Little vs Big Endianess: How to interpret the test

Question

So I'm writing a program to test the endianess of a machine and print it. I understand the difference between little and big endian, however, from what I've found online, I don't understand why these tests show the endianess of a machine.

This is what I've found online. What does *(char *)&x mean and how does it equaling one prove that a machine is Little-Endian?

int x = 1;
if (*(char *)&x == 1) {
    printf("Little-Endian\n");
} else {
    printf("Big-Endian\n");
}

Answer 1

If we split into different parts:

1. &x: This gets the address of the location where the variable x is, i.e. &x is a pointer to x. The type is int *.

2. (char *)&x: This takes the address of x (which is a int *) and converts it to a char *.

3. *(char *)&x: This dereferences the char * pointed to by &x, i.e. gets the values stored in x.

Now if we go back to x and how the data is stored. On most machines, x is four bytes. Storing 1 in x sets the least significant bit to 1 and the rest to 0. On a little-endian machine this is stored in memory as 0x01 0x00 0x00 0x00, while on a big-endian machine it's stored as 0x00 0x00 0x00 0x01.

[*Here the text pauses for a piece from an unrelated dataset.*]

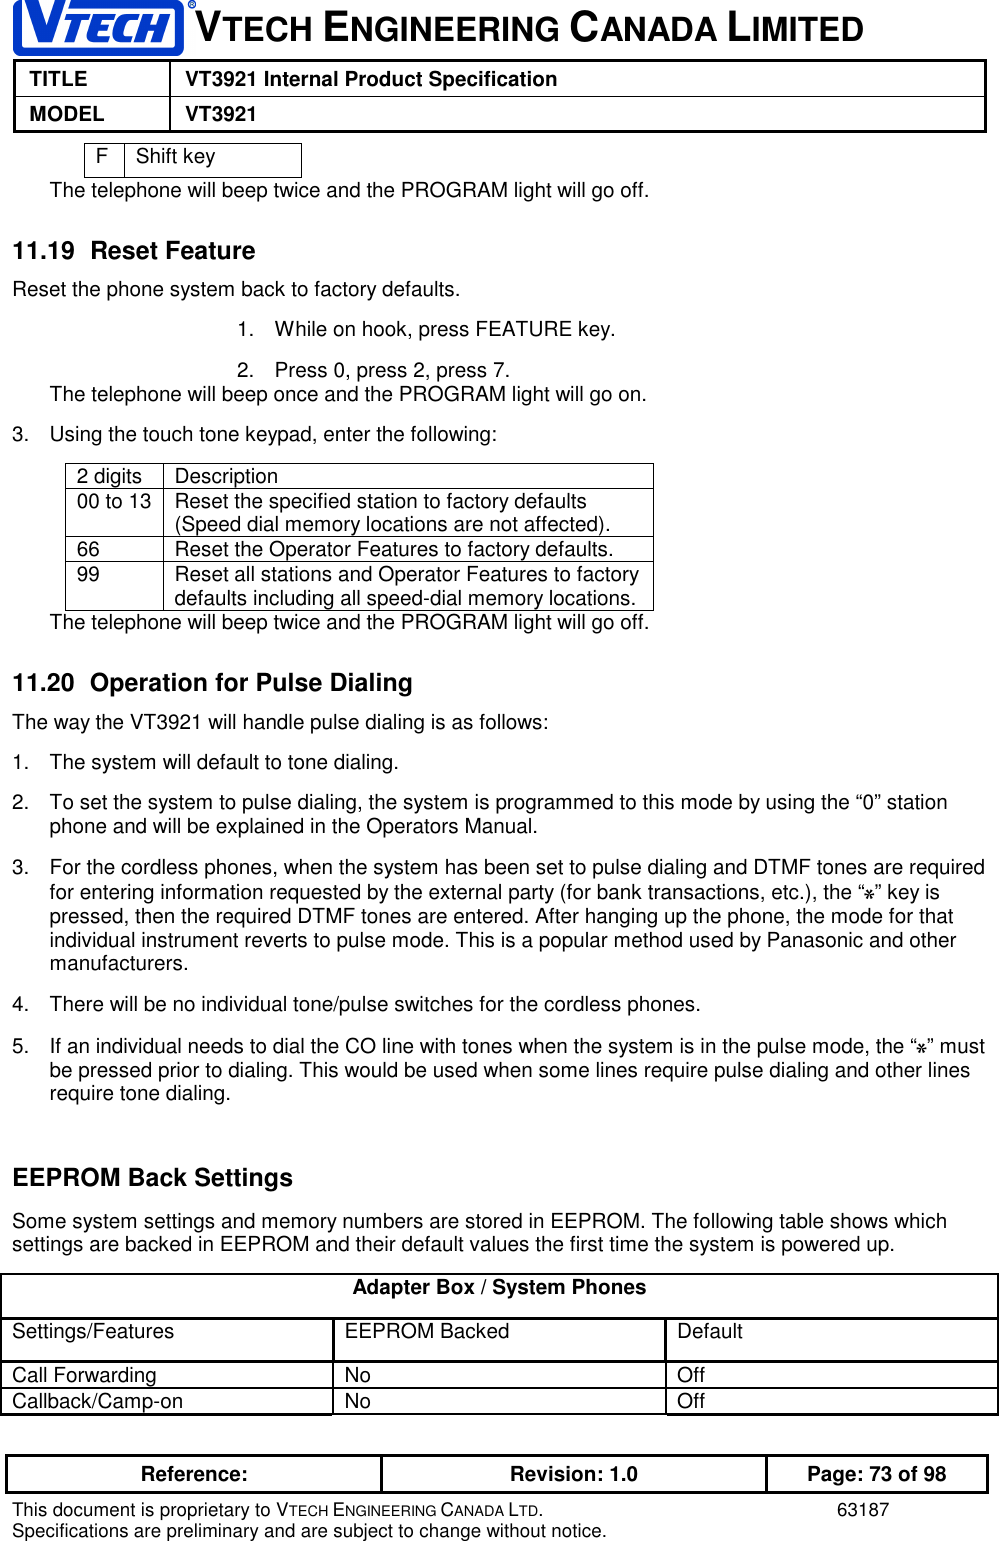 VTECH ENGINEERING CANADA LIMITEDTITLE VT3921 Internal Product SpecificationMODEL VT3921Reference: Revision: 1.0 Page: 73 of 98This document is proprietary to VTECH ENGINEERING CANADA LTD. 63187Specifications are preliminary and are subject to change without notice.FShift keyThe telephone will beep twice and the PROGRAM light will go off.11.19 Reset FeatureReset the phone system back to factory defaults.1.  While on hook, press FEATURE key.2.  Press 0, press 2, press 7.The telephone will beep once and the PROGRAM light will go on.3.  Using the touch tone keypad, enter the following:2 digits Description00 to 13 Reset the specified station to factory defaults(Speed dial memory locations are not affected).66 Reset the Operator Features to factory defaults.99 Reset all stations and Operator Features to factorydefaults including all speed-dial memory locations.The telephone will beep twice and the PROGRAM light will go off.11.20  Operation for Pulse DialingThe way the VT3921 will handle pulse dialing is as follows:1.  The system will default to tone dialing.2.  To set the system to pulse dialing, the system is programmed to this mode by using the “0” stationphone and will be explained in the Operators Manual.3.  For the cordless phones, when the system has been set to pulse dialing and DTMF tones are requiredfor entering information requested by the external party (for bank transactions, etc.), the “0” key ispressed, then the required DTMF tones are entered. After hanging up the phone, the mode for thatindividual instrument reverts to pulse mode. This is a popular method used by Panasonic and othermanufacturers.4.  There will be no individual tone/pulse switches for the cordless phones.5.  If an individual needs to dial the CO line with tones when the system is in the pulse mode, the “0” mustbe pressed prior to dialing. This would be used when some lines require pulse dialing and other linesrequire tone dialing.EEPROM Back SettingsSome system settings and memory numbers are stored in EEPROM. The following table shows whichsettings are backed in EEPROM and their default values the first time the system is powered up.Adapter Box / System PhonesSettings/Features EEPROM Backed DefaultCall Forwarding No OffCallback/Camp-on No Off

What the expression does is get the first of those bytes and check if it's 1 or not.

Answer 2

Here's what the memory will look like, assuming a 32b integer:

Little-endian
0x01000000 = 00000001000...00

Big-endian
0x00000001 = 0......01

Dereferencing a char * gives you one byte. Your test fetches the first byte at that memory location by interpreting the address as a char * and then dereferencing it.